ISS X-Force has released the following advisory concerning multiple 
vulnerabilities in the Oracle Application Server (OAS).  OAS version 4.0 
for Solaris is affected by these vulnerabilities.  In addition, all OAS 
revisions prior to version 4.0.8 are also affected.  These vulnerabilities 
may allow local users to gain root access.  Oracle has supplied two 
workaround options to address these vulnerabilities.  These are detailed
in the advisory included below.

Please note: The vulnerabilities described in this advisory are *not* the
same as previously described in ESB-1999.122 -- "ISS X-Force Security 
Advisory Root Compromise Vulnerabilities in Oracle 8", published 30 August 
1999.


- --------------------------BEGIN INCLUDED TEXT--------------------

- ---------------------------------------------------------------------------

- -----BEGIN PGP SIGNED MESSAGE-----

ISS Security Advisory
November 10, 1999

Multiple Root Compromise Vulnerabilities in Oracle Application Server 

Synopsis:

Internet Security Systems (ISS) X-Force has discovered multiple
vulnerabilities in the Oracle Application Server (OAS) that may lead to
local super-user access.  Attackers may use these vulnerabilities to destroy
root owned files as well as gain root access.  An account on the target
system is required to exploit these vulnerabilities.

Affected Versions:

ISS X-Force has determined that Oracle Application Server version 4.0 for
Solaris is affected by these vulnerabilities.  All revisions prior to
version 4.0.8 are affected.

Description:

Server Startup Vulnerabilities: The Oracle Application Server is owned by
the user 'oracle' in most configurations.  This includes the administrative
utilities to start, stop, and manipulate the servers.  Unprivileged users
may not bind servers to ports below 1024.  Oracle has made the 'owslctl'
utility root, which allows normal users to start the server on privileged
ports.  Attackers may take advantage of this design to compromise super-user
access.

Apache Startup Vulnerabilities: The Oracle Application Server offers web
administrators the option to install and configure HTTP listeners.  The
Oracle Management server supports both Netscape and Apache listeners in
addition to those provided by Oracle with the Application Server.  An
administrator choosing to install an Apache listener must supply a unique
name, a path to the server's executable, and a configuration file.  Once
supplied, a backend setuid root executable attempts to start the Apache
server.

An attacker with an unprivileged account on the target system may trick
'apchlctl' into executing any arbitrary command as root.  The Apache start
executable is also unsafe in handling write() calls and certain files
created will follow symbolic links.

Recommendations:

Oracle has supplied ISS X-Force with two potential fixes for the described
vulnerabilities. Oracle has informed ISS X-Force that fix 1, which is most
secure, will affect OAS failure recovery for Oracle Web Listener processes
running on port numbers < 1024.  Fix 2, which is less secure, requires that
the Oracle account be treated as a trusted account and customers should take
all precautions necessary to protect access to it.  ISS X-Force recommends
that Oracle Application Server administrators carefully evaluate these fixes
before they are applied.  

Oracle customers can find important information on this OAS security issue
on Oracle's web-based Metalink system at http://metalink.oracle.com.
Customers should reference document number 76484.1 under the advanced search
engine available on Metalink.  Customers can also find an alert under Oracle
Application Server on the Oracle Metalink system.

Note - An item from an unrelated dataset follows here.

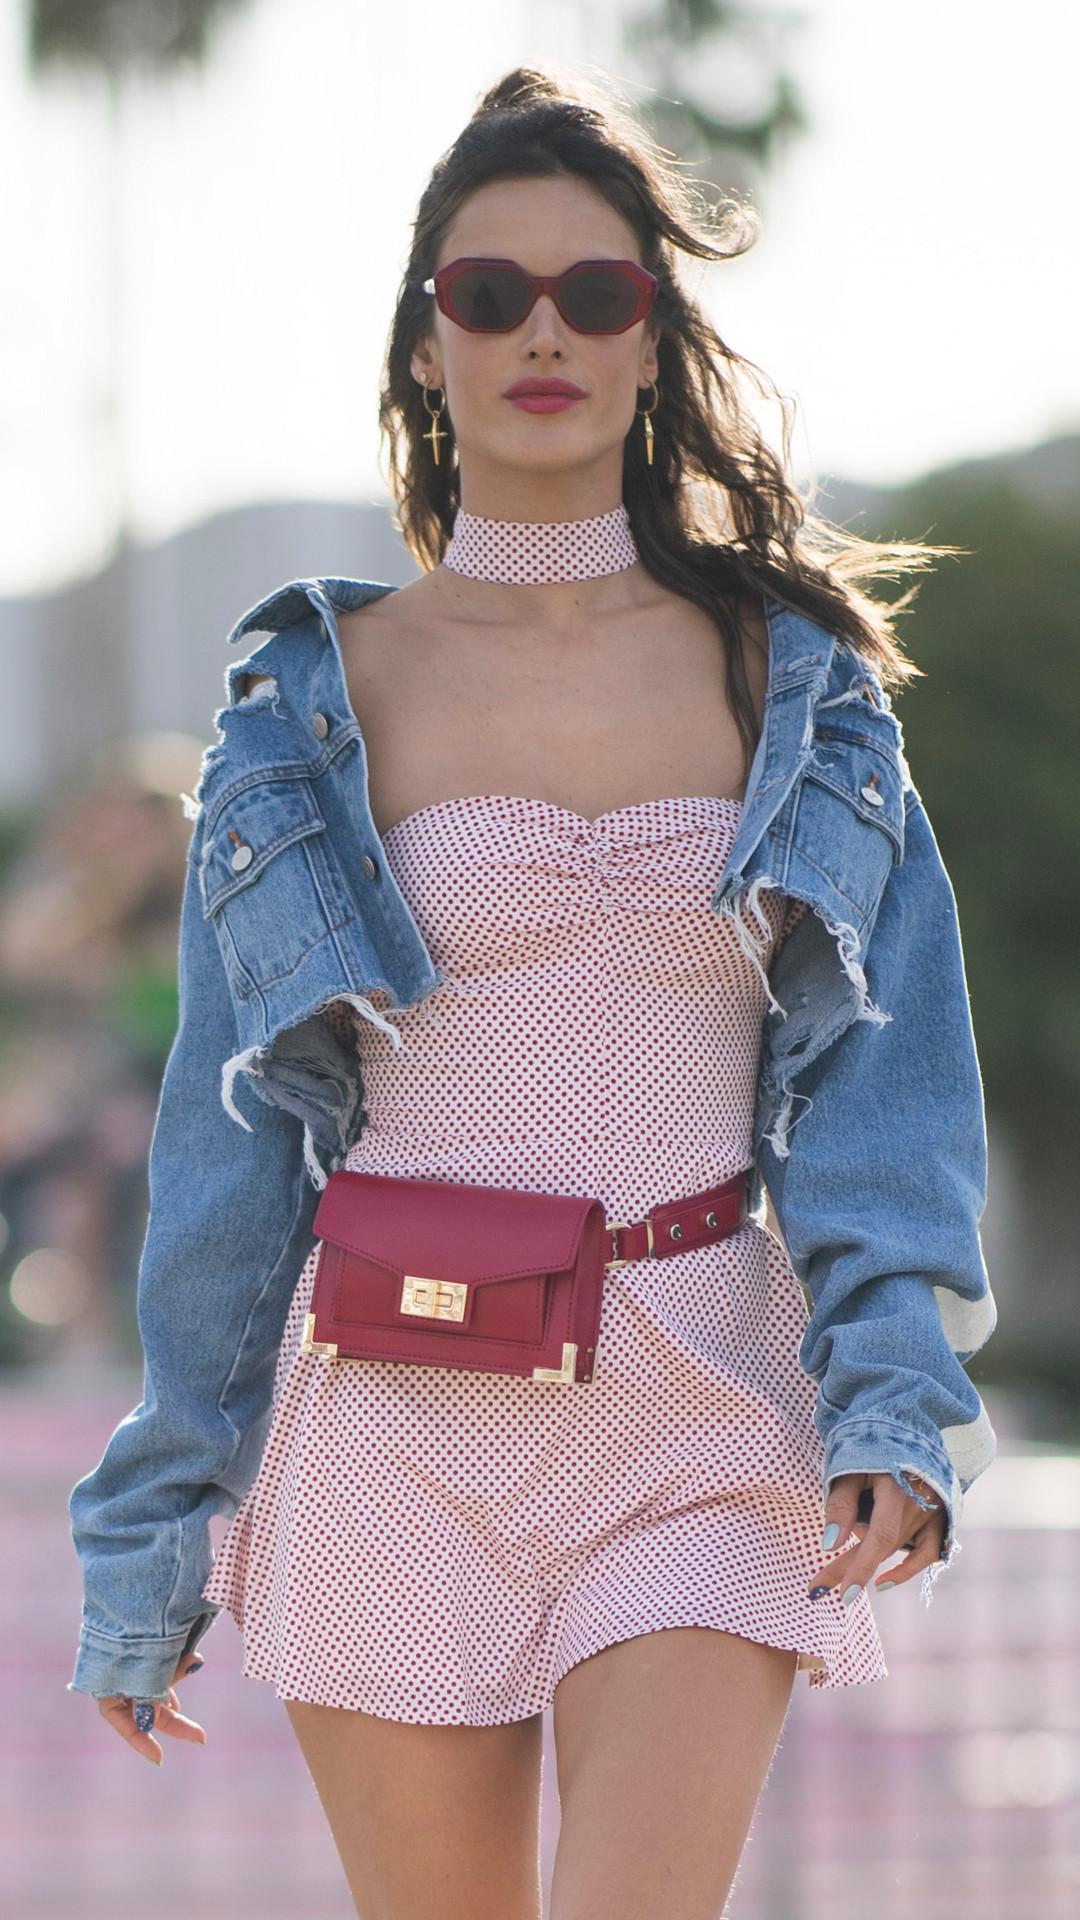 ESC: Coachella Denim Trends, Alessandra Ambrosio
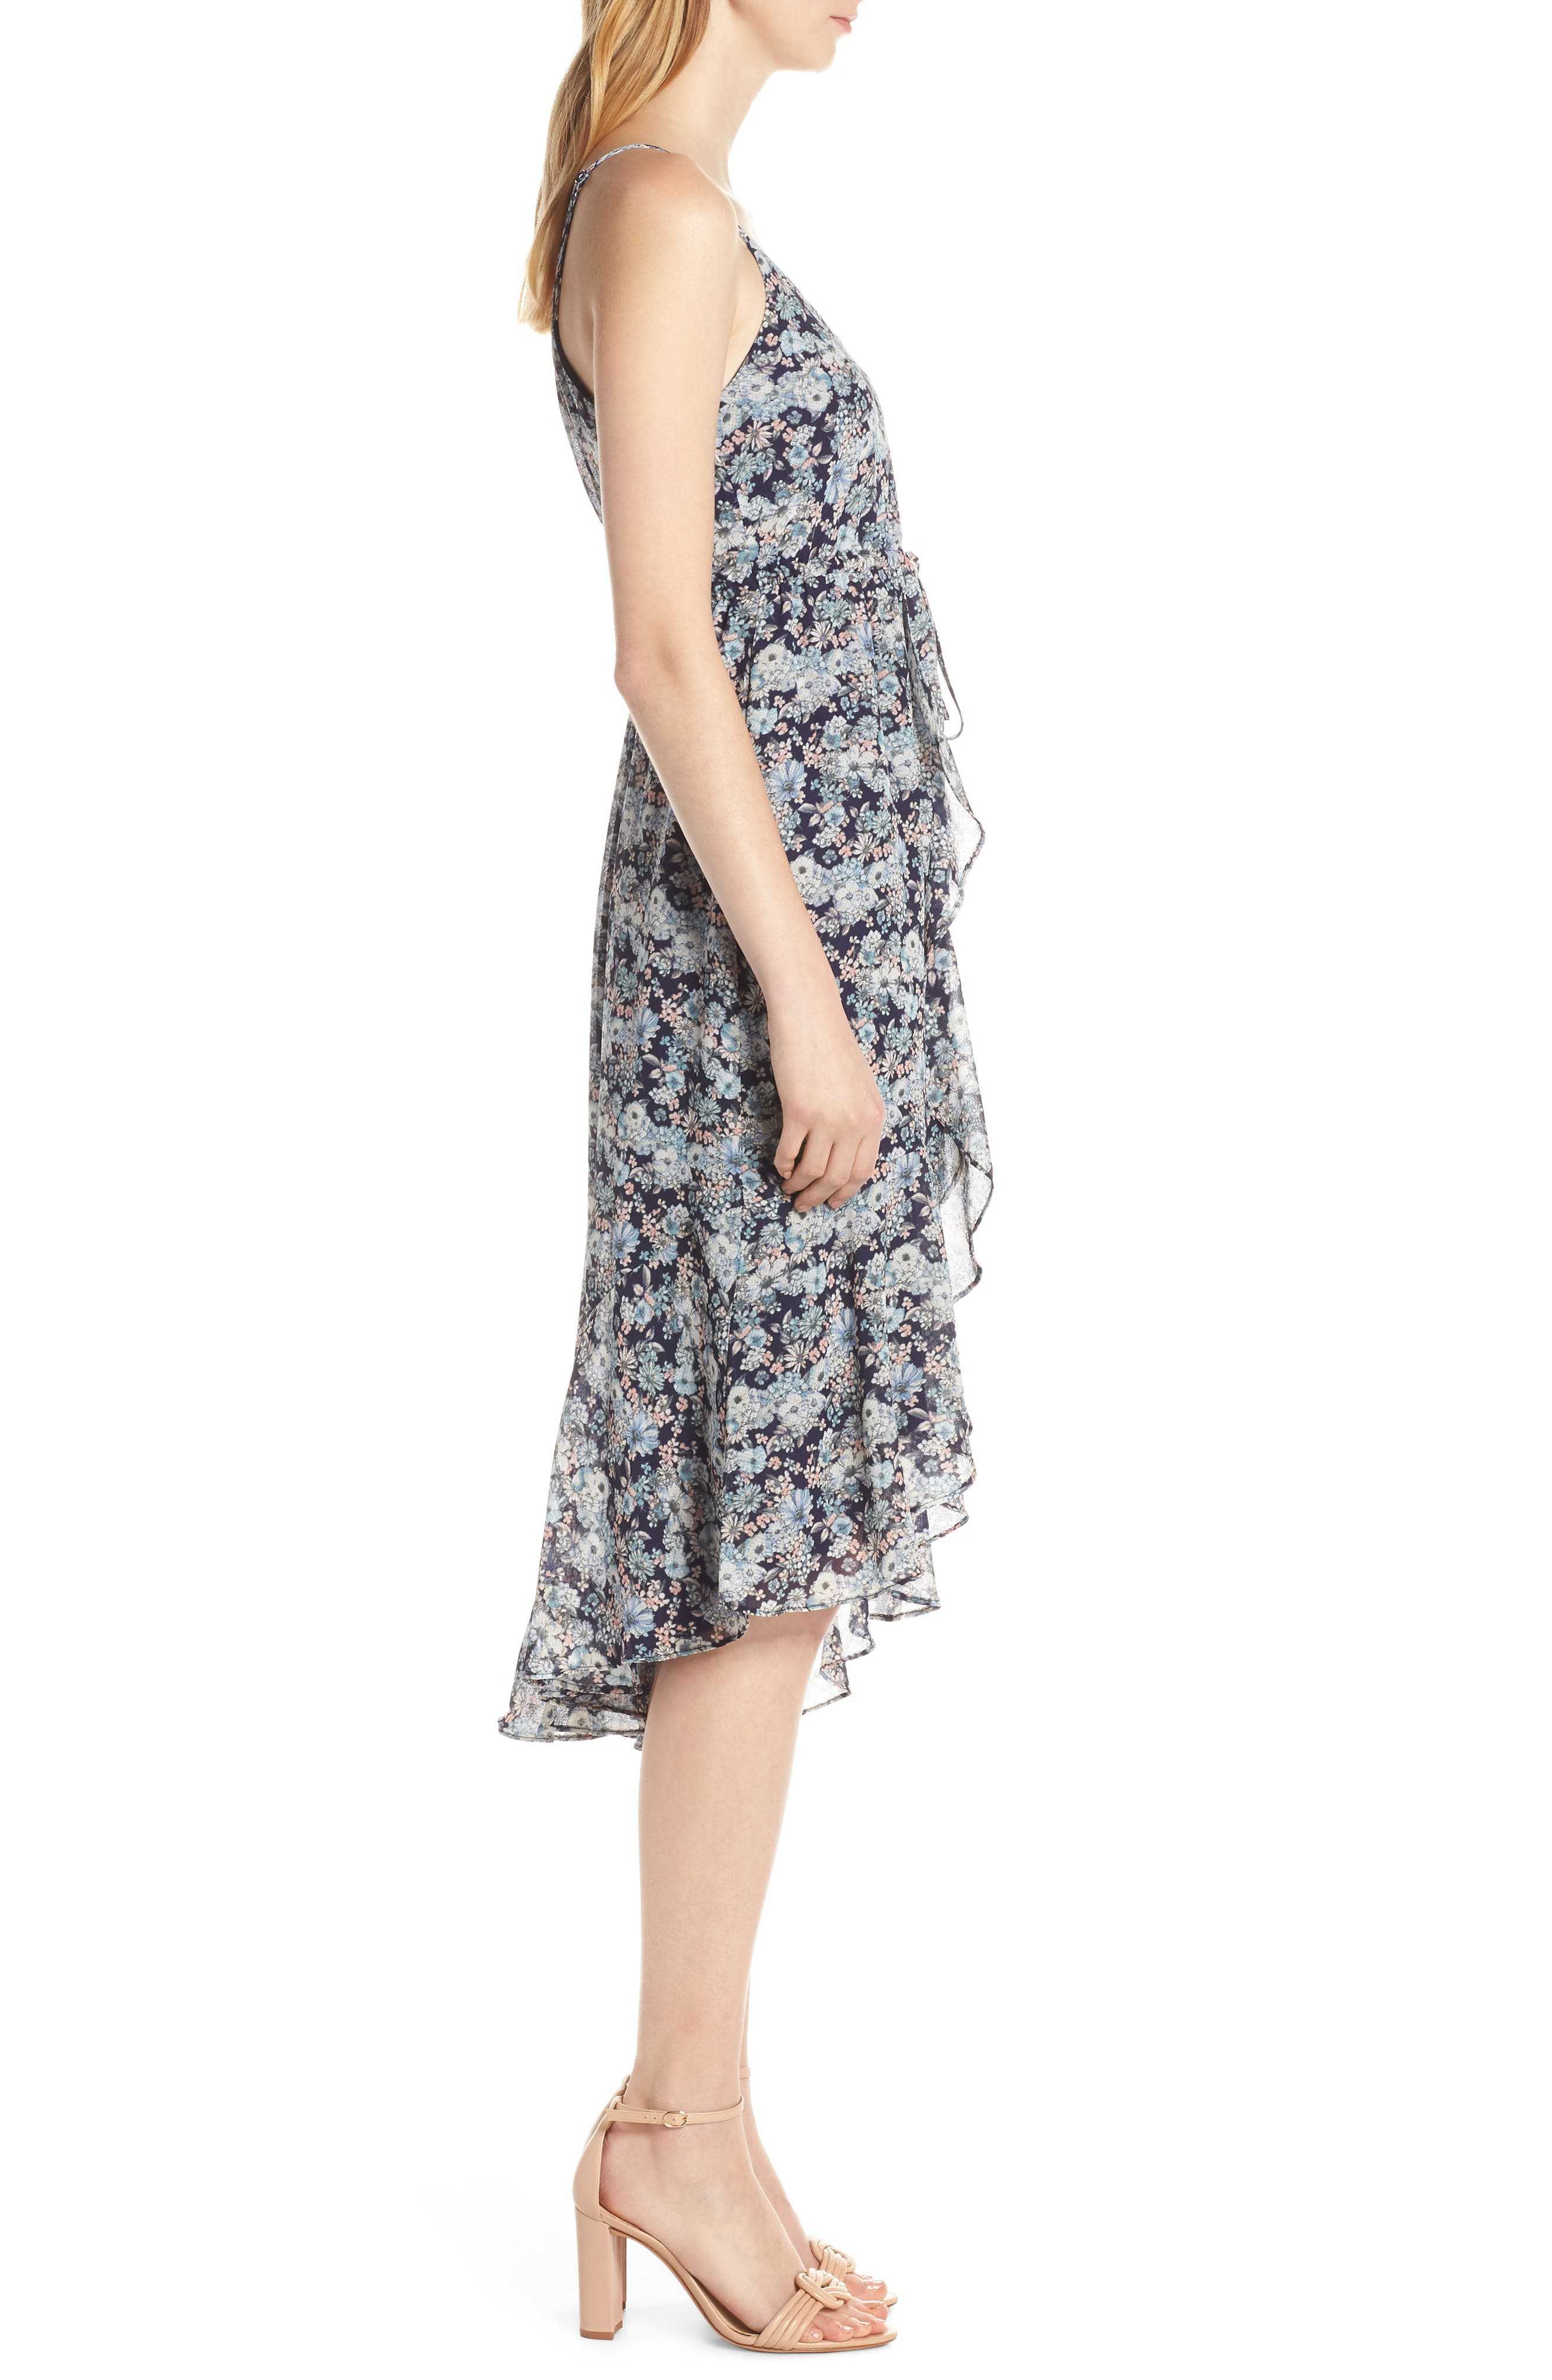 19 COOPER, Asymmetrical Ruffle Hem Dress, Alternate thumbnail 4, color, 410

ISS X-Force recommends verifying the existence of the vulnerability through
the use of System Scanner.  For additional info please visit the following
URL: http://www.iss.net/prod/ss.php3

To download the checks for System Scanner Version 3 Solaris Agent go to the
following URL: http://www.iss.net/tech/flexchecks/


Credits:

These vulnerabilities were primarily researched by Dan Ingevaldson of the
ISS X-Force.  ISS X-Force would like to thank Oracle Corporation for their
response and handling of these vulnerabilities.


About ISS
ISS is a leading global provider of security management solutions for
e-business. By offering best-of-breed SAFEsuite(tm) security software,
comprehensive ePatrol(tm) monitoring services and industry-leading
expertise, ISS serves as its customers' trusted security provider protecting
digital assets and ensuring the availability, confidentiality and integrity
of computer systems and information critical to e-business success. ISS'
security management solutions protect more than 5,000 customers including 21
of the 25 largest U.S. commercial banks, 9 of the 10 largest
telecommunications companies and over 35 government agencies. Founded in
1994, ISS is headquartered in Atlanta, GA, with additional offices
throughout North America and international operations in Asia, Australia,
Europe and Latin America. For more information, visit the ISS Web site at
www.iss.net or call 800-776-2362.


Copyright (c) 1999 by Internet Security Systems, Inc.

Permission is hereby granted for the redistribution of this Alert
electronically.  It is not to be edited in any way without express consent
of the X-Force.  If you wish to reprint the whole or any part of this
Alert in any other medium excluding electronic medium, please e-mail
xforce@iss.net for permission.

Disclaimer

The information within this paper may change without notice. Use of this
information constitutes acceptance for use in an AS IS condition. There
are NO warranties with regard to this information. In no event shall the
author be liable for any damages whatsoever arising out of or in
connection with the use or spread of this information. Any use of this
information is at the user's own risk.

X-Force PGP Key available at: http://xforce.iss.net/sensitive.php3 as
well as on MIT's PGP key server and PGP.com's key server.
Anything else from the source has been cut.